== Segment start ==
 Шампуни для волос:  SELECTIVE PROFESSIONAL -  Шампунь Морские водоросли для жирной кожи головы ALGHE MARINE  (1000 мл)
== Segment end ==
== Segment start ==
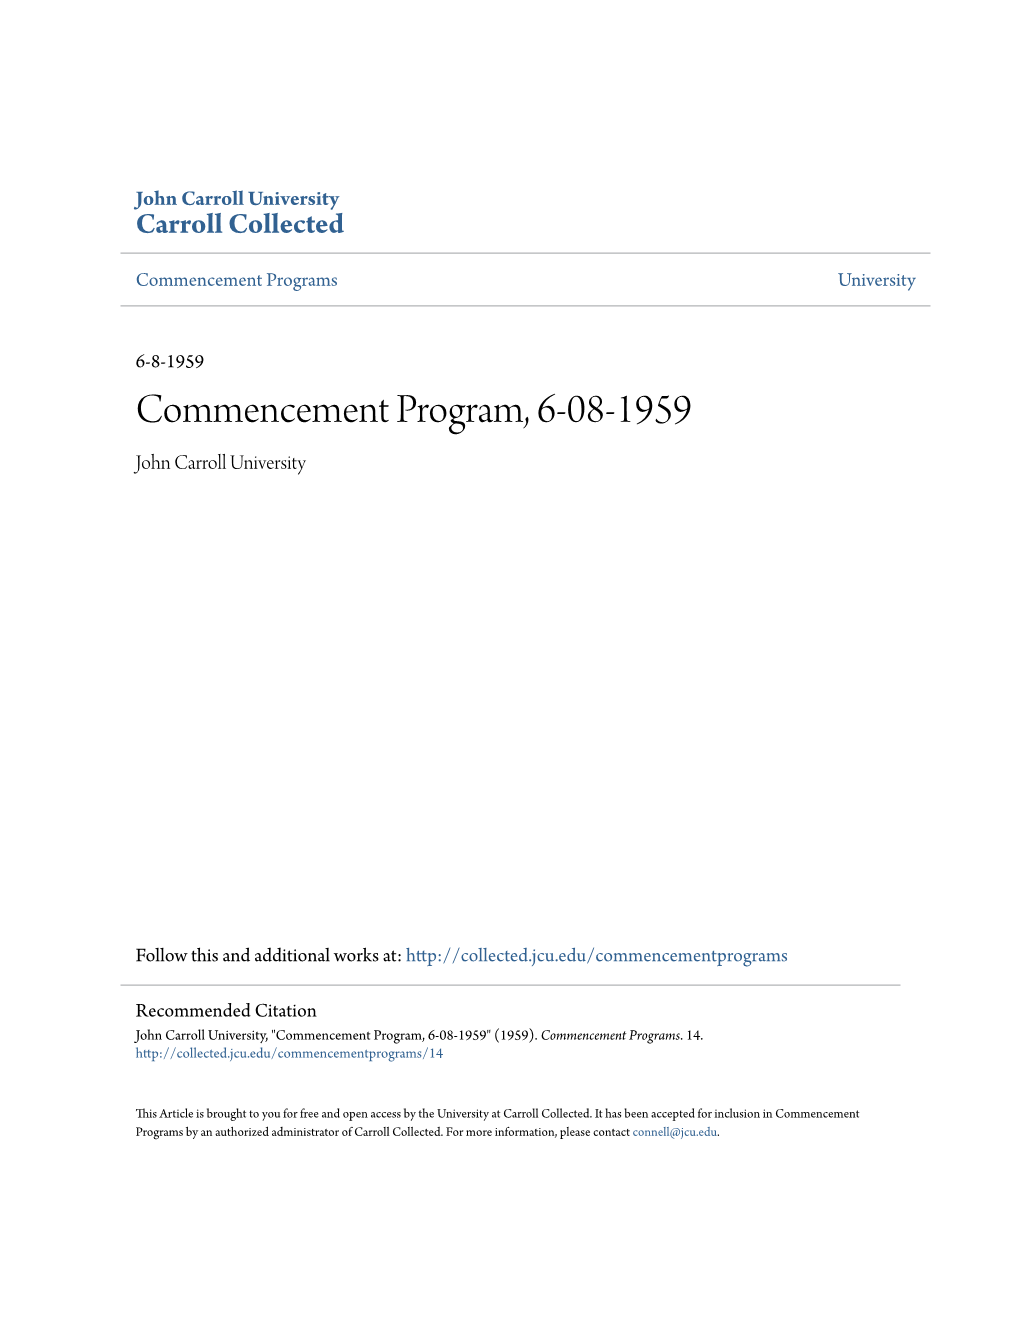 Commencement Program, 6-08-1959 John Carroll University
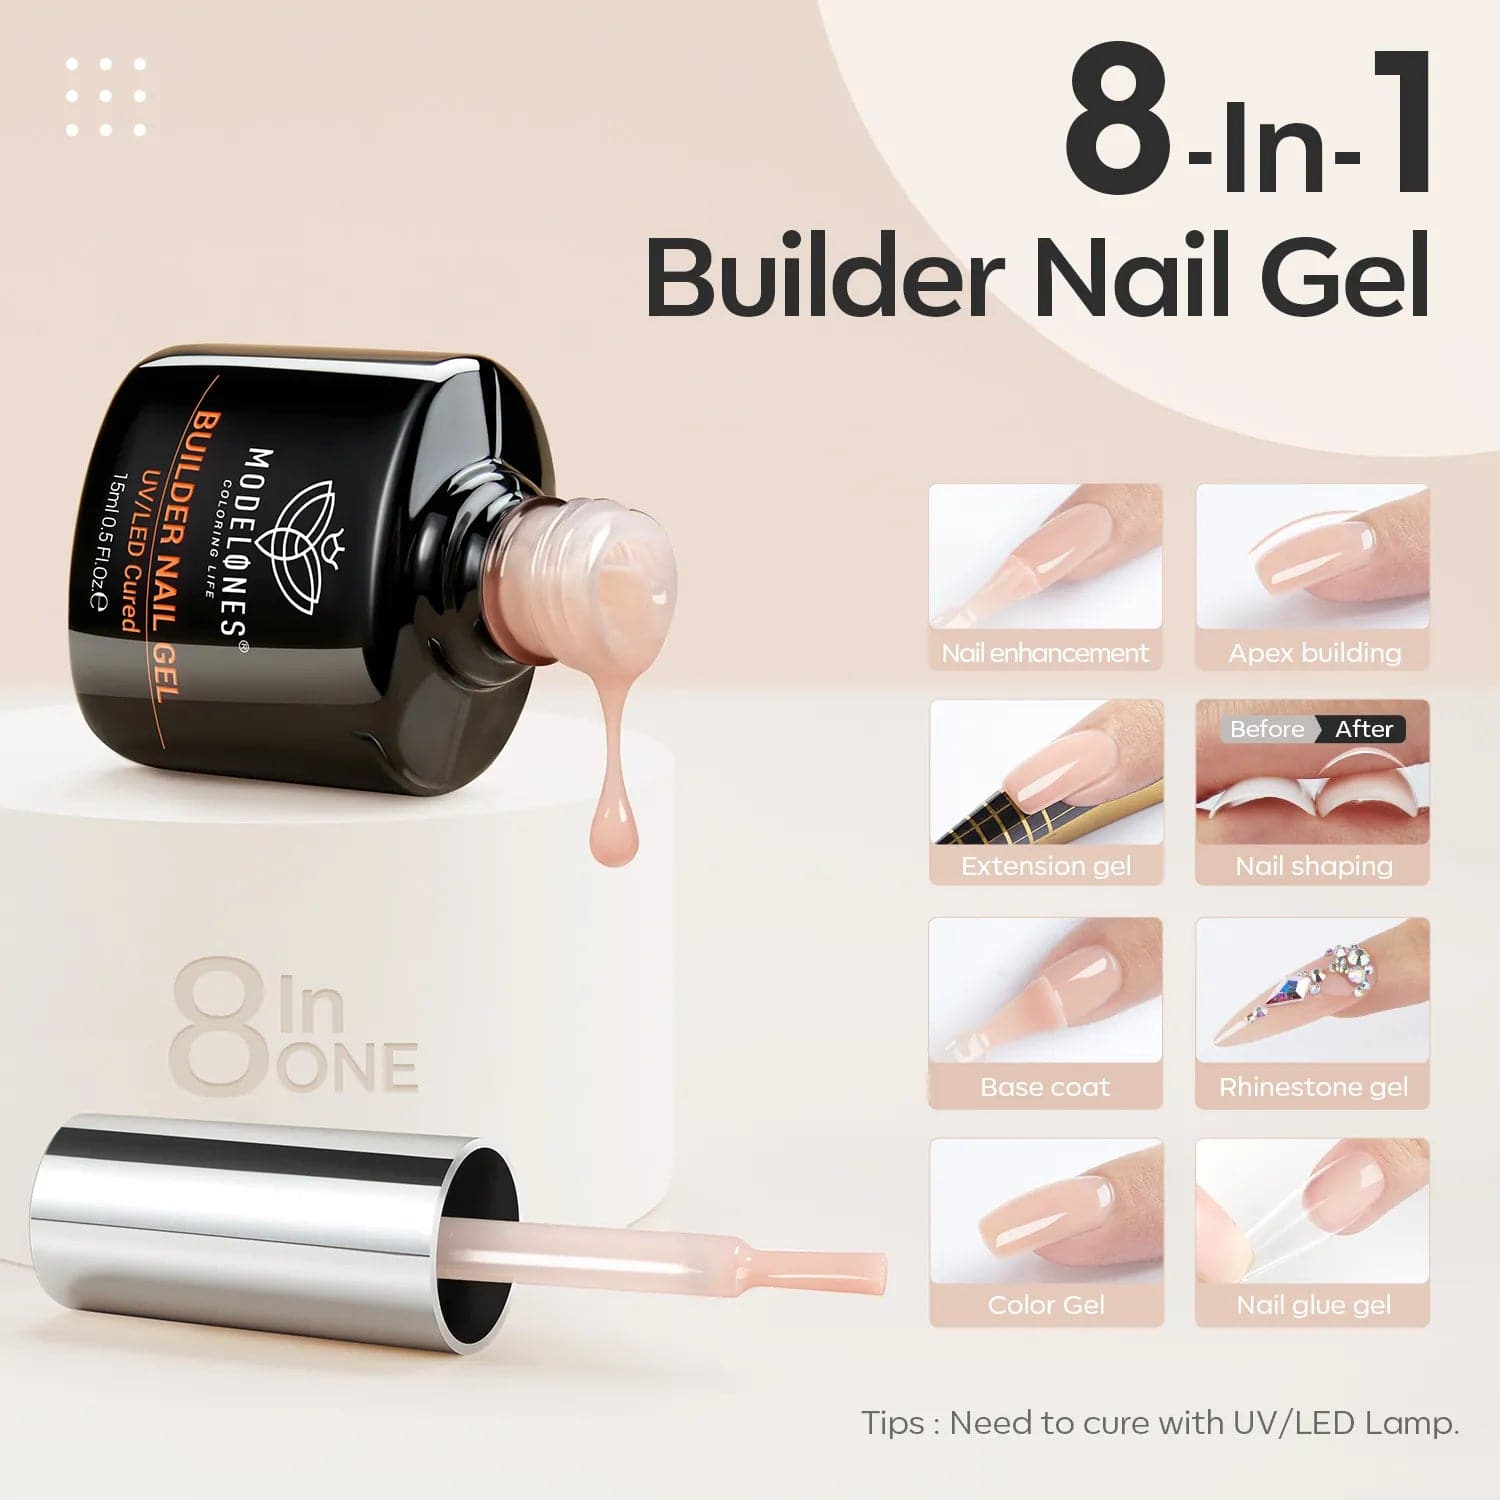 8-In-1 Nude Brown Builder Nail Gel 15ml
== Segment end ==
== Segment start ==
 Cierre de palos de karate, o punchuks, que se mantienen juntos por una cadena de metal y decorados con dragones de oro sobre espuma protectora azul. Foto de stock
== Segment end ==
• _Action item_
Nothing but the lines above from the line with "Commencement Program, 6-08-1959" up to and including the line with "8-In-1 Nude Brown Builder Nail Gel 15ml" should be returned, exactly as written and without pictures.

• _Solution_
 Commencement Program, 6-08-1959 John Carroll University
 8-In-1 Nude Brown Builder Nail Gel 15ml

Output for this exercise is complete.